Und Thomas Algermissen vom Freiberufler-Netzwerk Its-people ergänzt: "Nach Jahren, in denen Systemhäuser Personal abgebaut haben, haben sie jetzt gar keine andere Wahl, als auf Freiberufler zurückzugreifen." Berater Harald Weber sieht es ähnlich: "In den letzten drei Jahren haben enge Märkte zu einer Anpassung auf der Personalseite geführt - das lässt sich jetzt nicht mehr zurückdrehen." Dabei sei die Entwicklung nicht neu: "Der Trend in den Unternehmen geht eindeutig dahin, Fixkosten abzubauen und sich für Projekte mit zusätzlichem Personal zu flexiblen Ausgaben zu verstärken", hat Algermissen beobachtet.

Die Tendenz zum Near- und Offshoring wird diese Entwicklung in Deutschland nicht bremsen. "Am ehesten wandern einfache Programmiertätigkeiten ins Ausland ab. Deshalb sind bei Freiberuflern zunehmend andere Fähigkeiten und Qualifikationen wie das Erarbeiten von Konzepten und die Planung von Projektteilen gefragt", so Korinth von Pass-IT. Brainforce-Personalchef Beier sieht den deutschen Freiberuflermarkt nicht vom günstigeren Osten bedroht: "Off- und Nearshoring sind keine Alternativen für das Projektgeschäft, schon wegen der erforderlichen engen Kommunikation. " Teamfähigkeit, soziale und kommunikative Kompetenz werden im Projektgeschäft fast so wichtig wie das fachliche Know-how.

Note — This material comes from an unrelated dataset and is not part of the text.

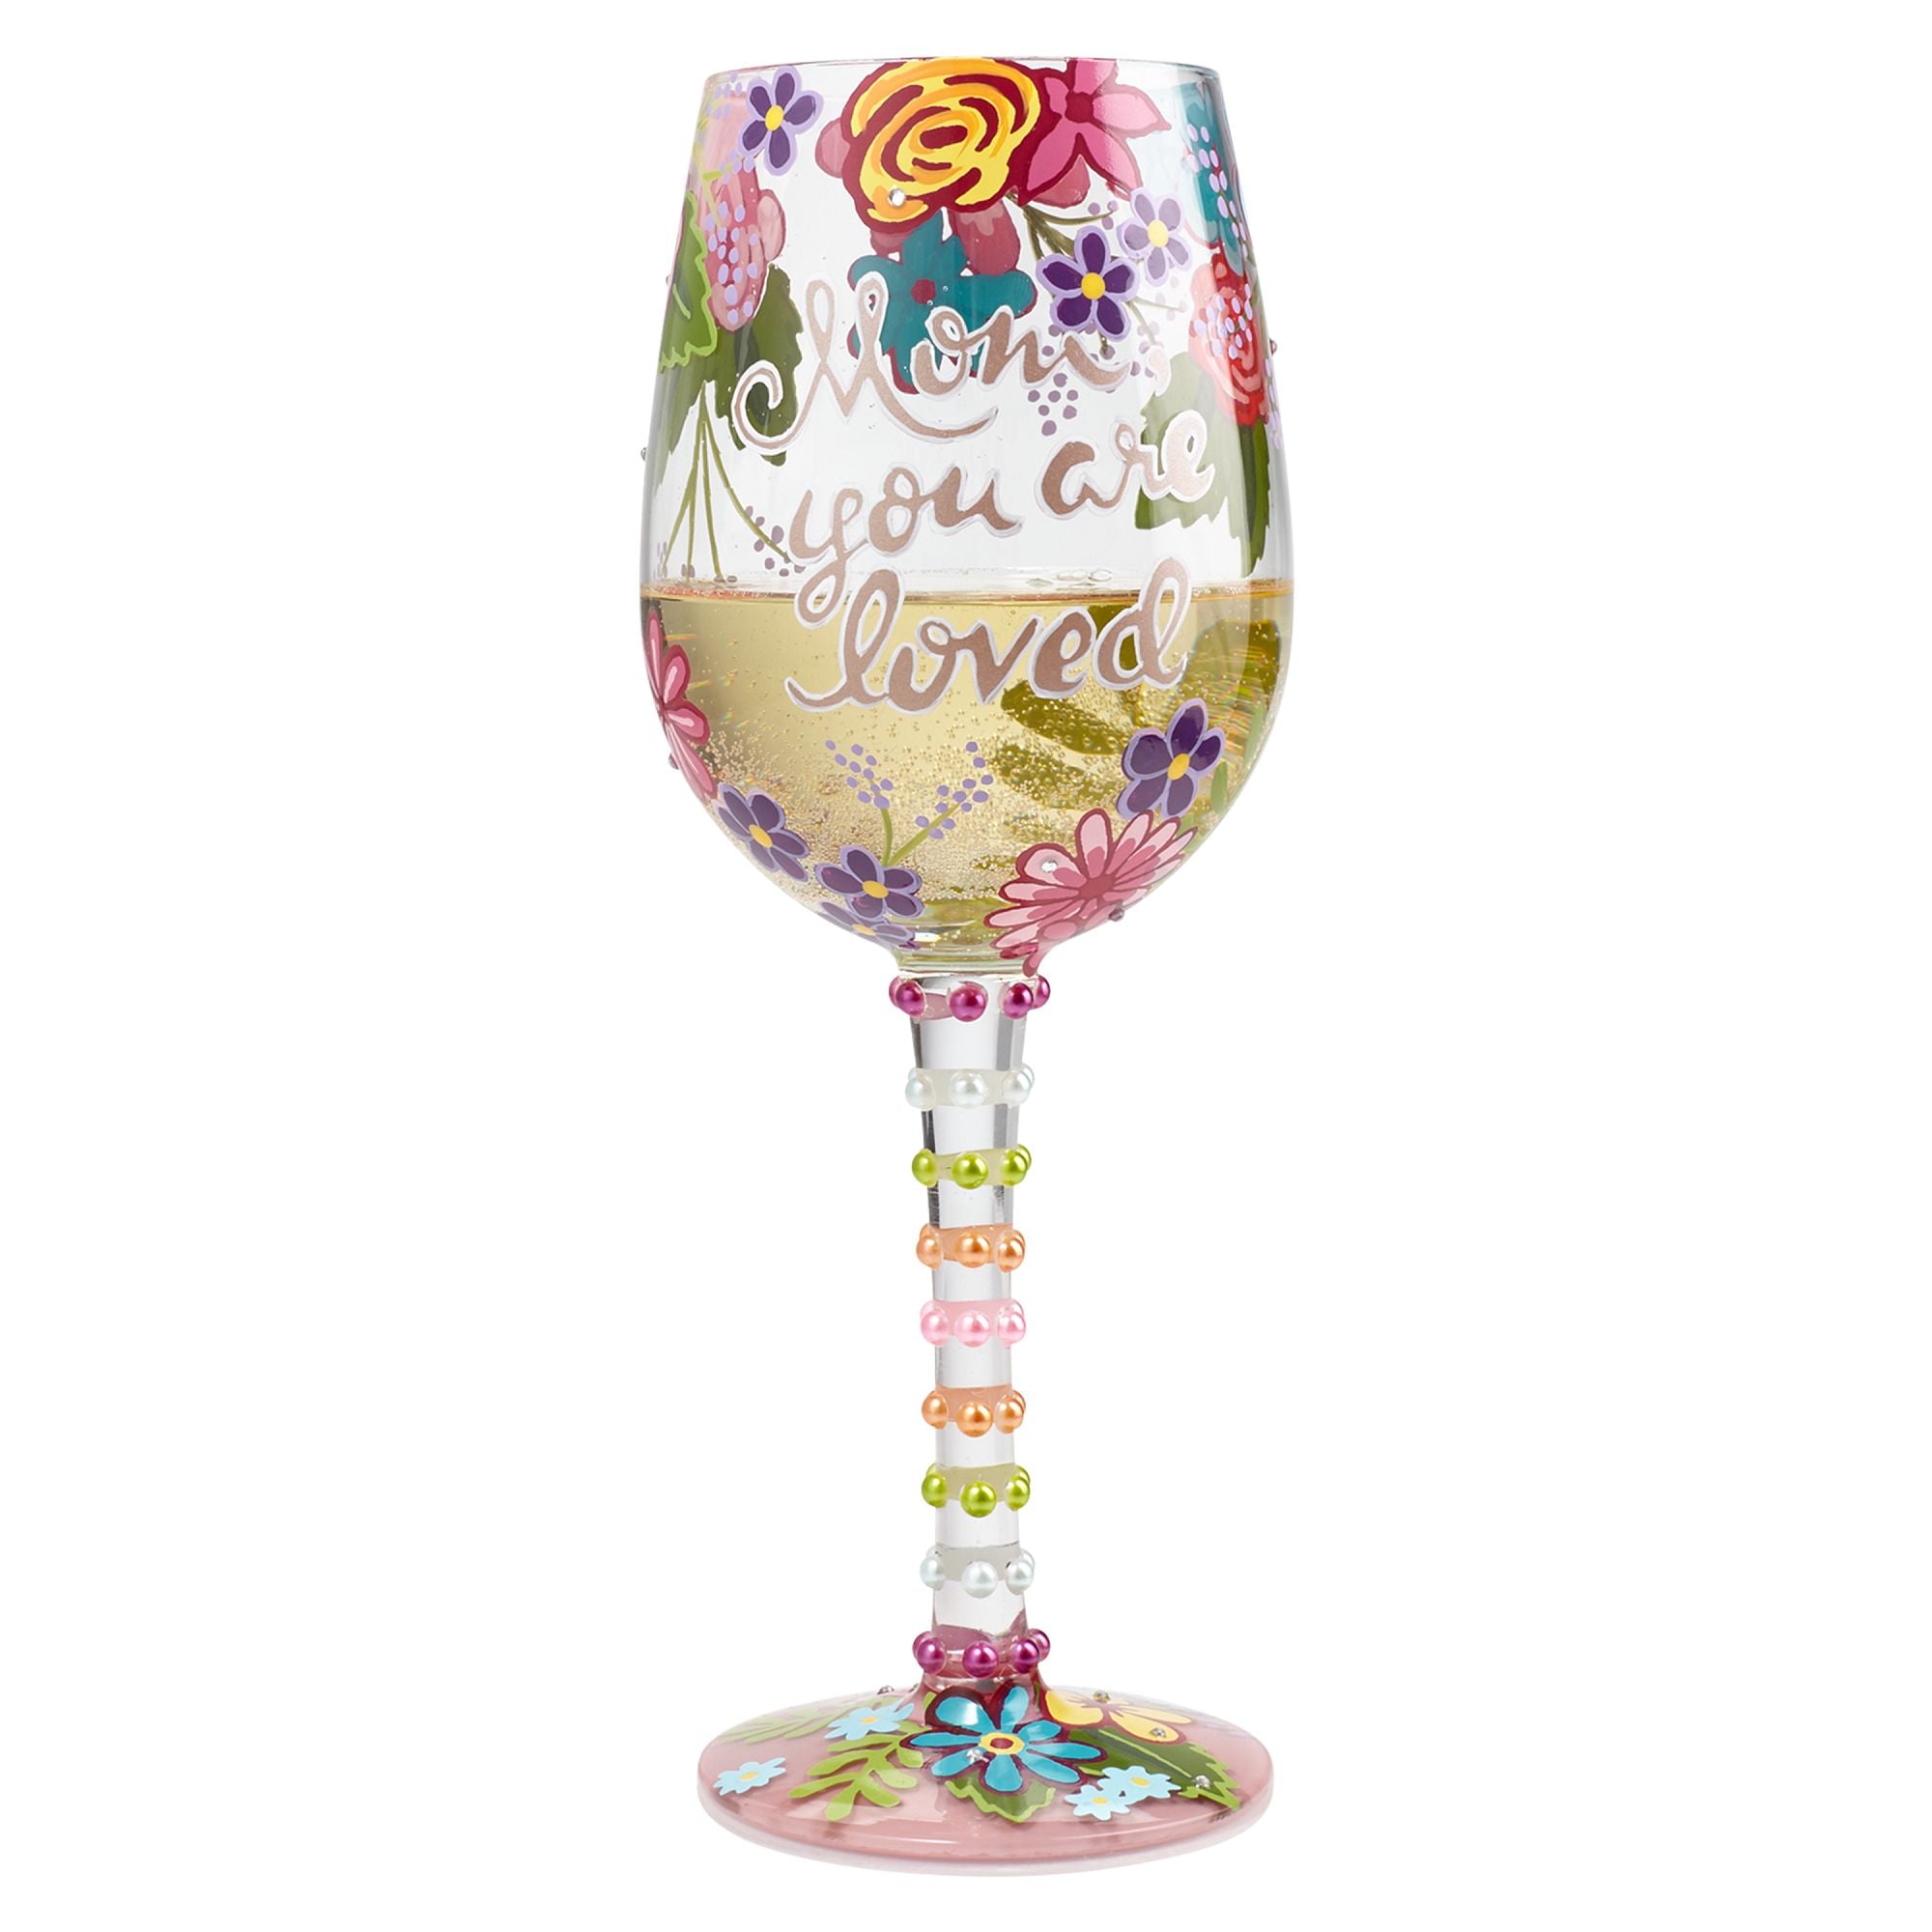 Loving the Beach Life Wine Glasses - Beach House Decor -Vacation Home Gift  Ideas - Set of Two 20oz

Keine falsche Bescheidenheit

Die Freiberufler sollten jedenfalls keine falsche Bescheidenheit an den Tag legen und ihren Anteil am Aufschwung einfordern: "Schließlich sind sie es, die bei nachlassender Konjunktur immer zuerst gehen müssen", resümiert Freiberufler Bode. "Wenn das Geschäft gut läuft, sollten sie die Chance haben, für schlechte Zeiten vorzubauen und sich ein wenig Speck anzulegen."

Diese Erkenntnis stößt indes nicht bei allen Auftraggebern auf Verständnis: "Es gibt trotz merklich verbesserter Auftragslage und Personalengpässen in stark nachgefragten Themengebieten selbst jetzt noch Kunden, die die Honorare drücken wollen", weiß Pass-IT-Teamleiter Korinth - eine Einstellung, die möglicherweise auf die Auftraggeber zurückfallen könnte. "Letzten Endes bekommt der Kunde immer das, wofür er bezahlt", ist Algermissen von Its-People überzeugt. Bei guter Auftragslage hieße das eben auch, dass sich gute Freiberufler einen adäquat dotierten Job suchen, und der Kunde, der die Preise drückt, mit genau jenen Qualifikationen zurückbleibt, für die er zu zahlen bereit ist. (hk)

*Holger Eriksdotter ist freier Journalist in Hamburg.